阪神31日の広島戦(甲子園)に6―5で競り勝った。
試合は4回まで4―1とリードするも、先発・伊藤将司(26)が菊池涼の逆転弾などで4―5とひっくり返される何とも苦しい展開。だが、直後にクリーンアップが見事な集中力を披露した。
5回、広島3番手・コルニエルに対し二死から佐藤輝が右前打で出塁すると、次打者・大山の2球目に「狙っていましたし、思い切ってスタートが切れた」と二盗に成功。好調・大山が4球目のスライダーを中前にはじき返し、すぐさま5―5と試合を振り出しに戻した。大山は「すぐに同点にできて良かった」と胸をなでおろした。
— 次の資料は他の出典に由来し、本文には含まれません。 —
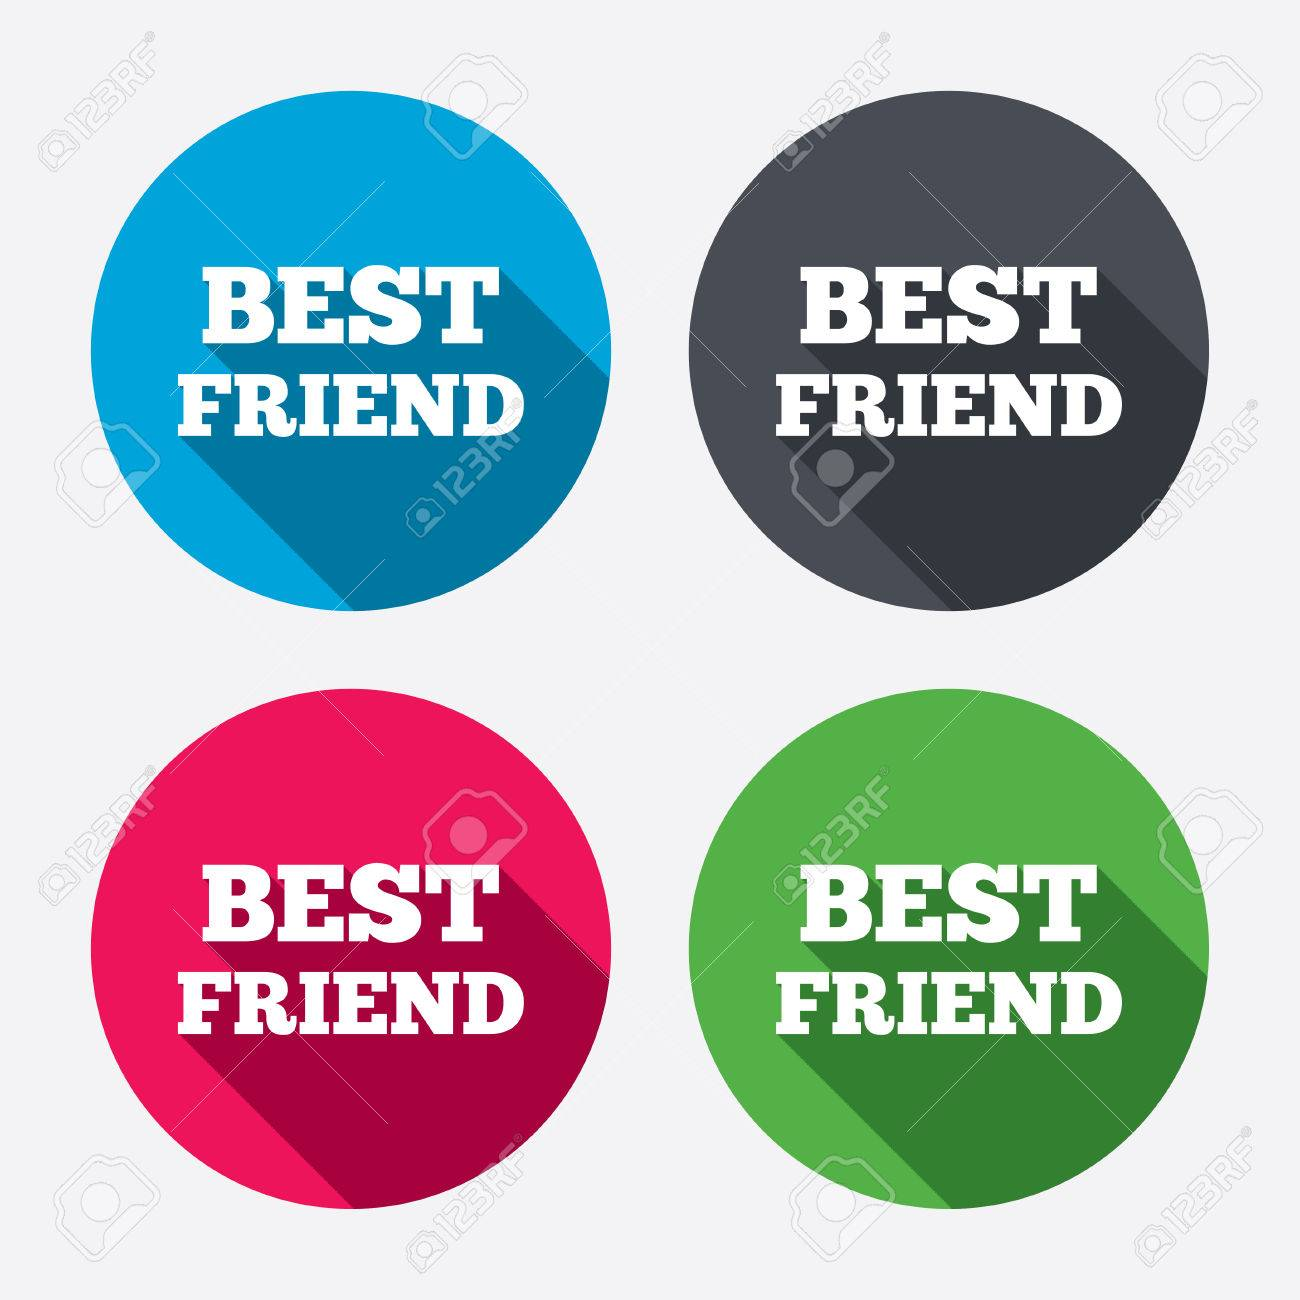 Bester Freund Symbol. Auszeichnung Symbol. Kreis-Schaltflächen Mit ...
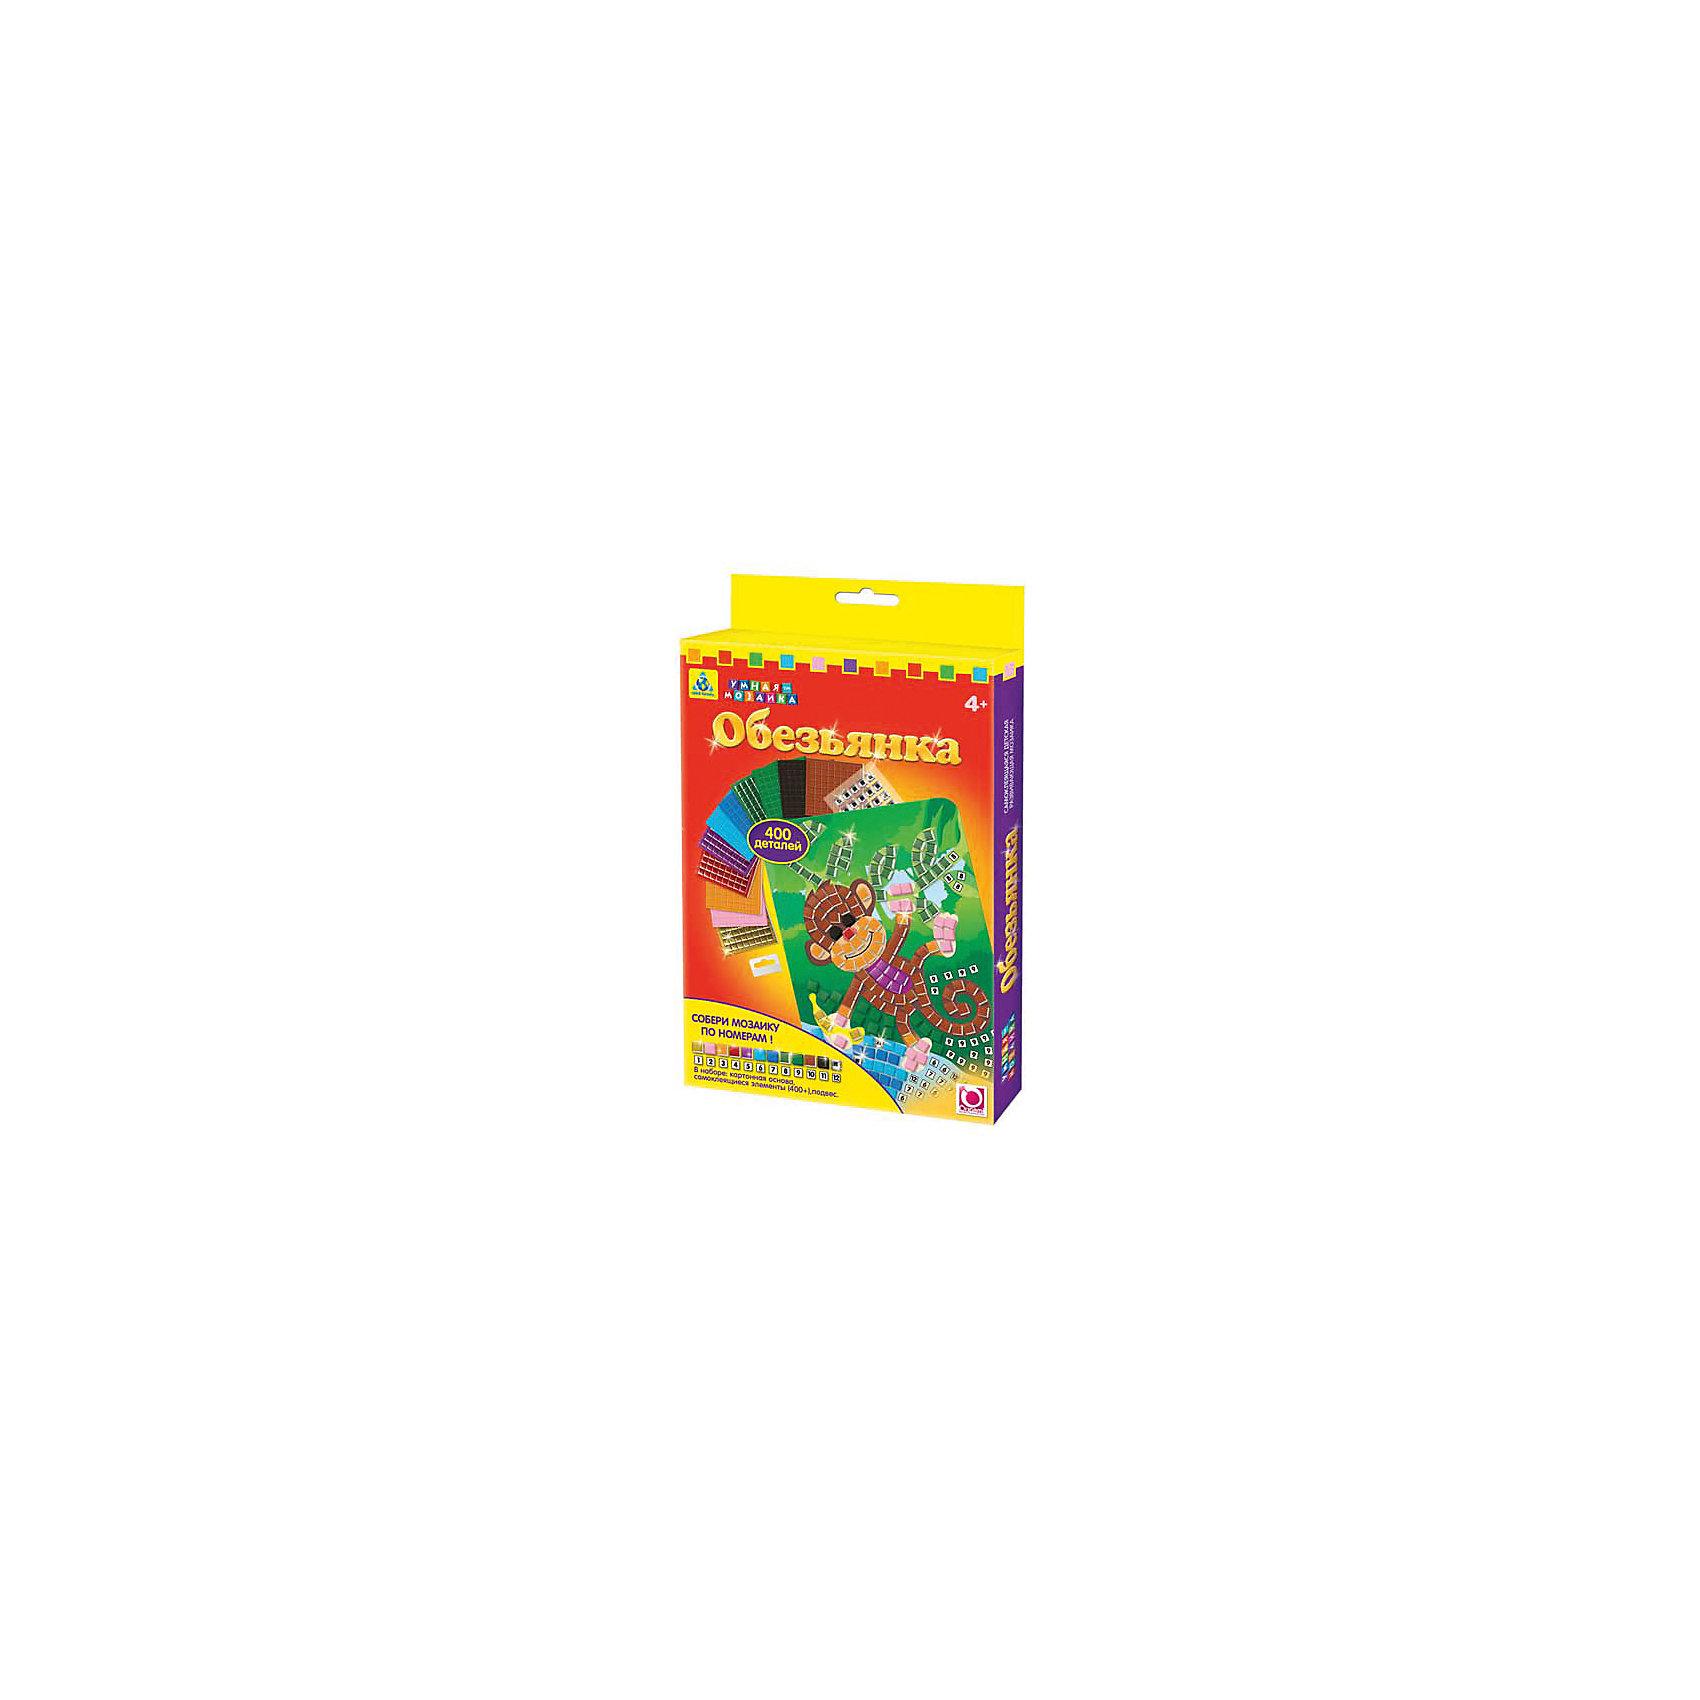 Origami Самоклеющаяся мозаика Обезьянка, Оригами набор эм 7 предметов 25 йогурт 984178

同点の7回一死からは広島・森浦に対し、3番・近本、4番・佐藤輝の連打で、一、三塁とチャンスメーク。続く大山は申告敬遠で勝負を避けられたものの続くロハス・ジュニア(32)がきっちりと右翼に犠飛を打ち上げ、6―5と勝ち越しに成功。この1点を8回から湯浅→9回はケラーの勝利の方程式で逃げ切った。
本拠地・甲子園で広島に連勝。借金を1まで返済した矢野燿大監督(53)は「よく粘ってくれました。どんなスポーツでも流れはある。シーソー(ゲーム)になったけど、最後にみんなで流れを持ってこれた。全員が絡んだ試合」と振り返った。
8月は12勝14敗で2つの負け越し。指揮官は「残り試合も本当に少なくなっていますし、一つでも勝って上に行くために戦っている」と、残り20試合となった9月戦線を見据えていた。